哀死来 4 all(後編) ◆shCEdpbZWw
* *
ごきん。
チルノのところにまで聞こえてきそうなくらいの鈍い音がした。
「ぐああああぁぁぁぁっっ…!!」
痛みに顔を歪めた空の悲鳴が少し遅れて響く。
それを聞いて愉悦の表情を浮かべた天子がさらに追い討ちをかける。
「やっぱり鴉ね、ぎゃあぎゃあ五月蝿いわ。肩を外しただけ、折れちゃいないわよ」
そう言うと、仕込み刀を抜いて空の左翼の上から地面に突き刺した。
左手側を実質的に封じられ、第三の足は外されて用を成さない。
地面に磔にされるような格好を空は強いられる事になってしまった。
足をバタつかせるが、状況の改善には至らない。
「くそっ…! 何しやがるっ…!」
「しばらくそこで這い蹲っていなさい。鳥としては最大の屈辱、ってとこかしらね。
しっかし、貴方すごい熱ねぇ。火傷するかと思ったじゃない」
「くそっ…くそっ…!」
無力化されてしまった空を見て、チルノの頭をいやな想像がよぎる。
目の前に転がる猫妖怪の首。さっき、あいつはお空も同じようにしてやるって言ってた。
首だけになったお空、それはつまり死んじゃう、ってこと。
そんなこと絶対嫌だ、お空はあたいが守るって決めたんだ、死なせやしない!
「やいっ! お空から離れろっっっ!!!」
そう怒鳴ると、スキマ袋から鉄の輪を取り出して投げつける。
風を切りながら、天子の方に向かってまっすぐ飛んでいくが…
「馬鹿ねぇ。せっかくの武器を投げちゃってどうする気よ」
弾幕ほどの密度も、銃弾ほどの速度もない鉄の輪を、天子は体を開くだけであっさり避ける。

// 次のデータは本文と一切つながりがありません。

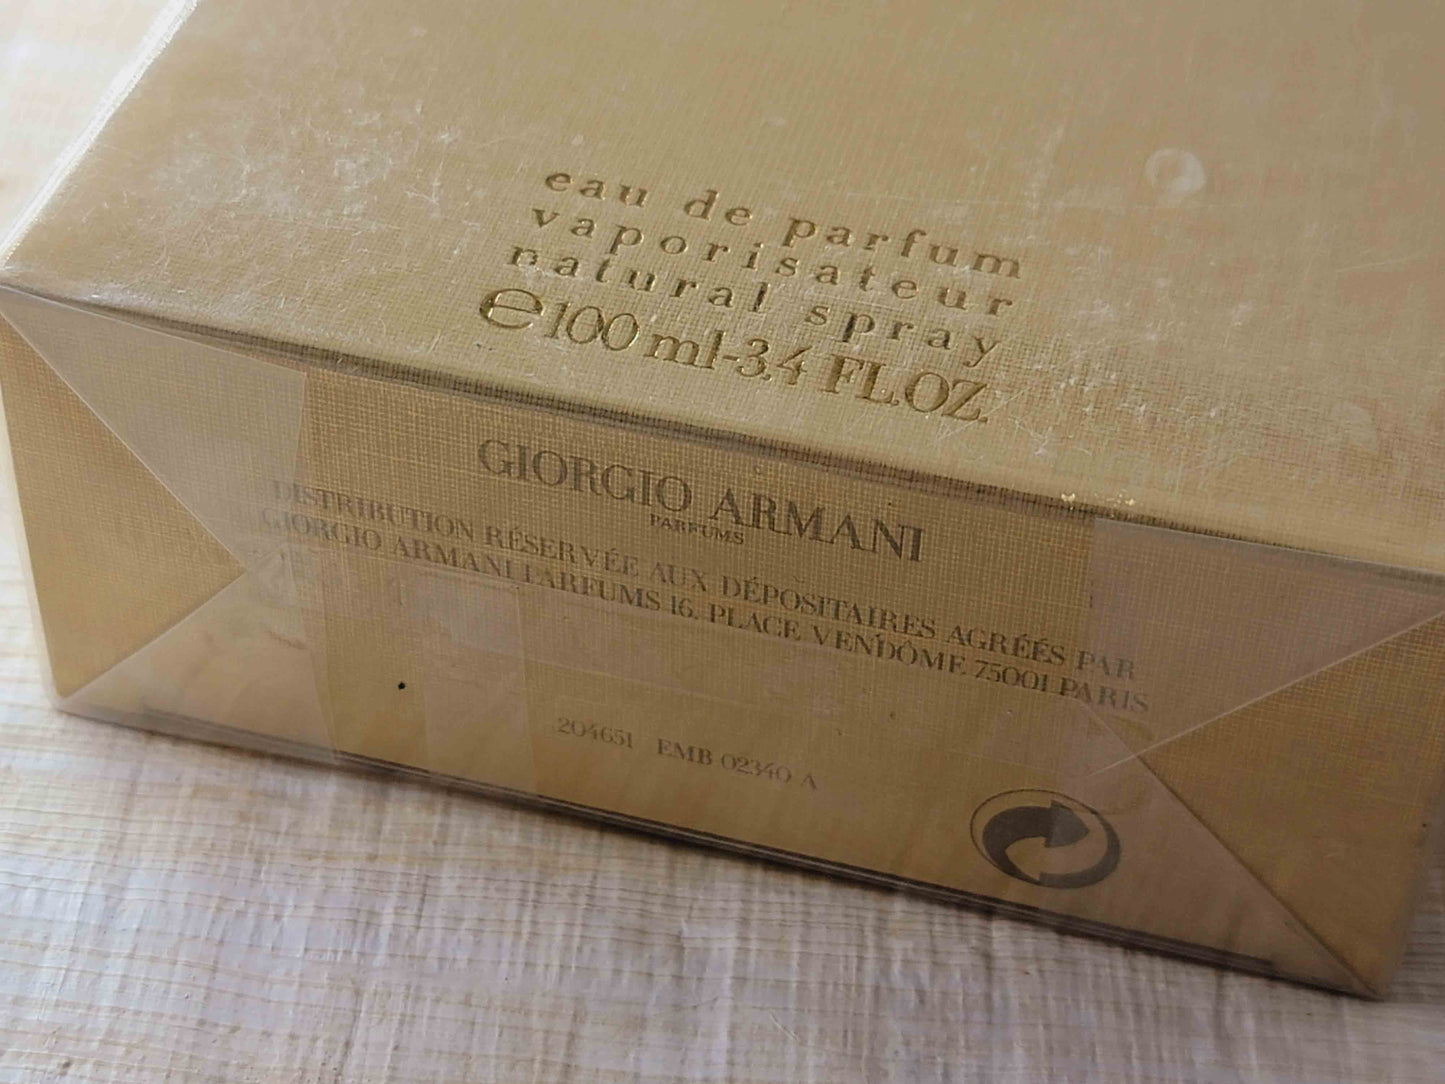 Giorgio Armani Sensi EDP Spray 100 ml 3.4 oz Or 50 ml 1.7 oz, Vintage

天子の目の前を通過した鉄の輪が、後ろの木にサクッという音を立てて刺さる。
これでブーメランのように弧を描いて戻ってくることもあるまい。
余裕綽々にチルノの方を向き直ってみると、バイオリンを振り上げながら距離を詰めてくるのが見えた。
「やああぁぁっっ!!」
なるほど、最初から鉄の輪は目先を逸らすためのもの、本命はそっちですか。
リーチの差を埋めるためにバイオリンを装備、と。ちょっとは考えているみたいね。
「でも…まだまだ浅はかね!」
嘲笑しながら緋層の剣を地面に突き立て、スペルカード宣言をする。
「地符「不譲土壌の剣」!」
途端にチルノの目の前に石柱が現れる。
それは、普段のものに比べれば随分と小さいものではあったが、正確にチルノの腹部を捉えた。

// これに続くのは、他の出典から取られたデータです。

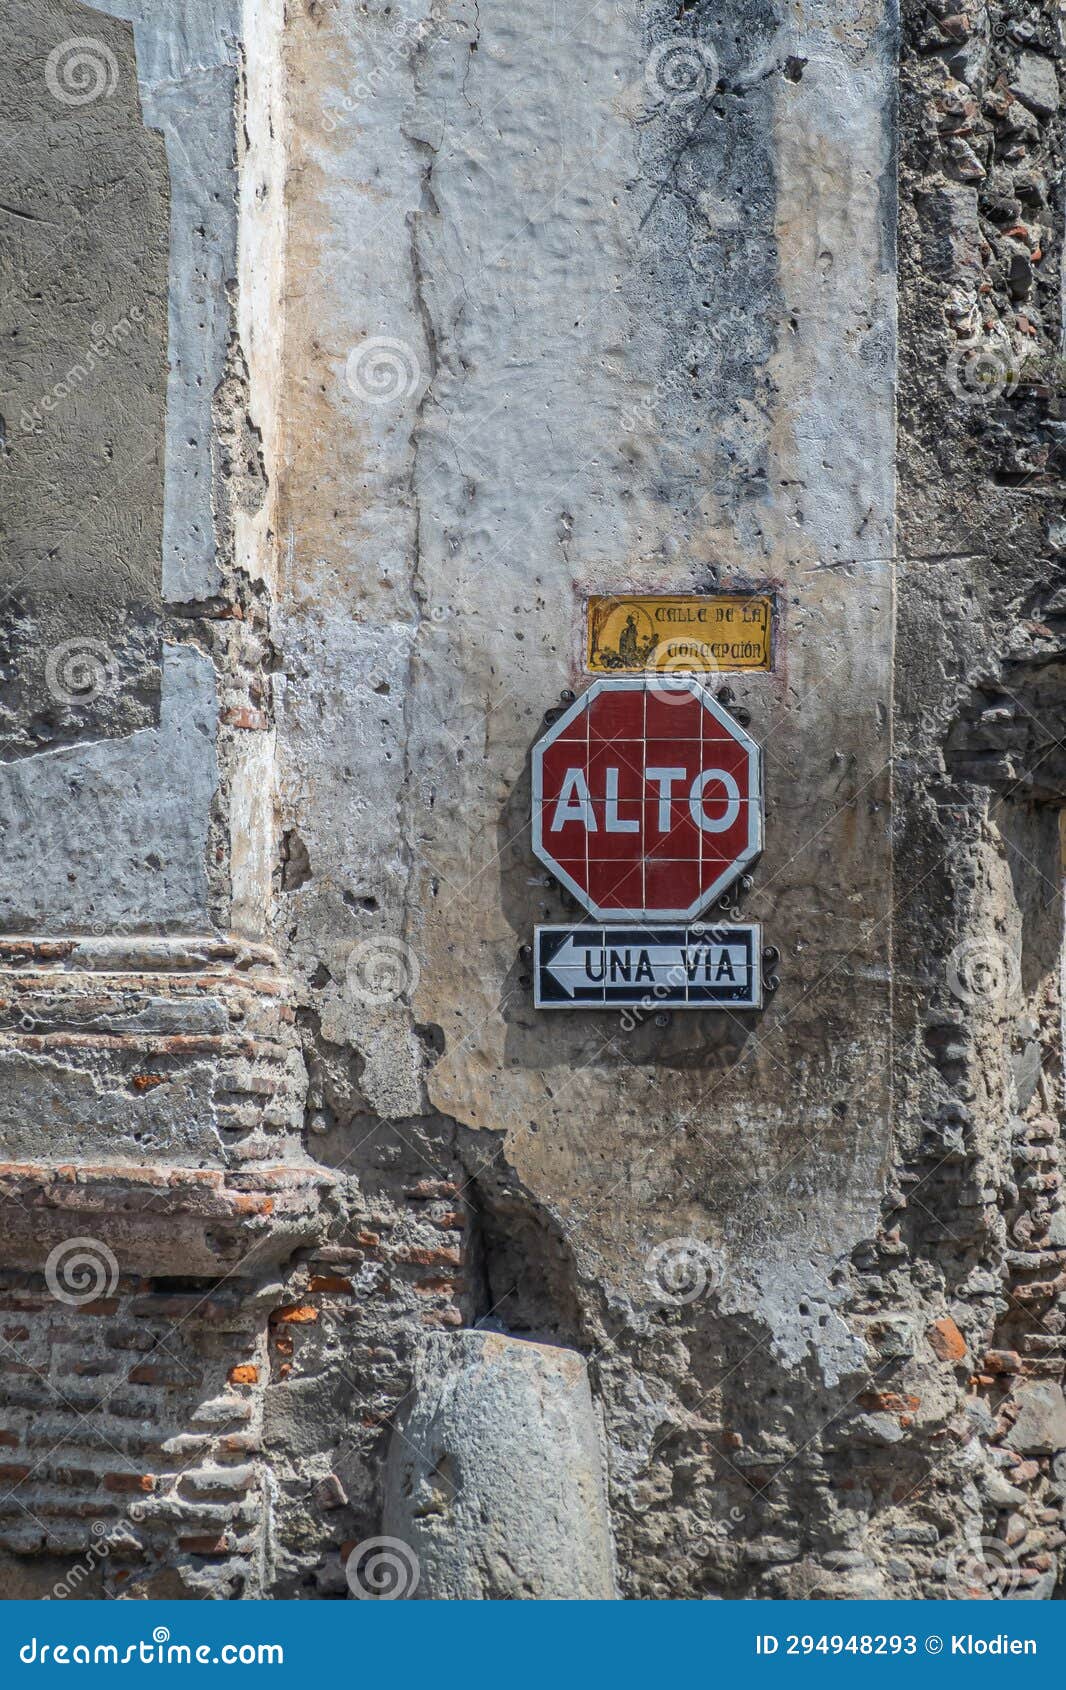 stop traffic sign in la antigua, guatemala

結果として、その石柱は突進してきたチルノにカウンターを食らわせる格好になった。
バイオリンを取り落とし、吹っ飛ばされ、地面を二度三度と転がり、聳え立つ木の幹に背中をしたたかに打ち付ける。
そのまま木にもたれかかる様に座り込んで…チルノは動かなくなった。
霊力の消費を眩暈という形で感じた天子は、動かなくなったチルノを見て愉悦の表情を浮かべた。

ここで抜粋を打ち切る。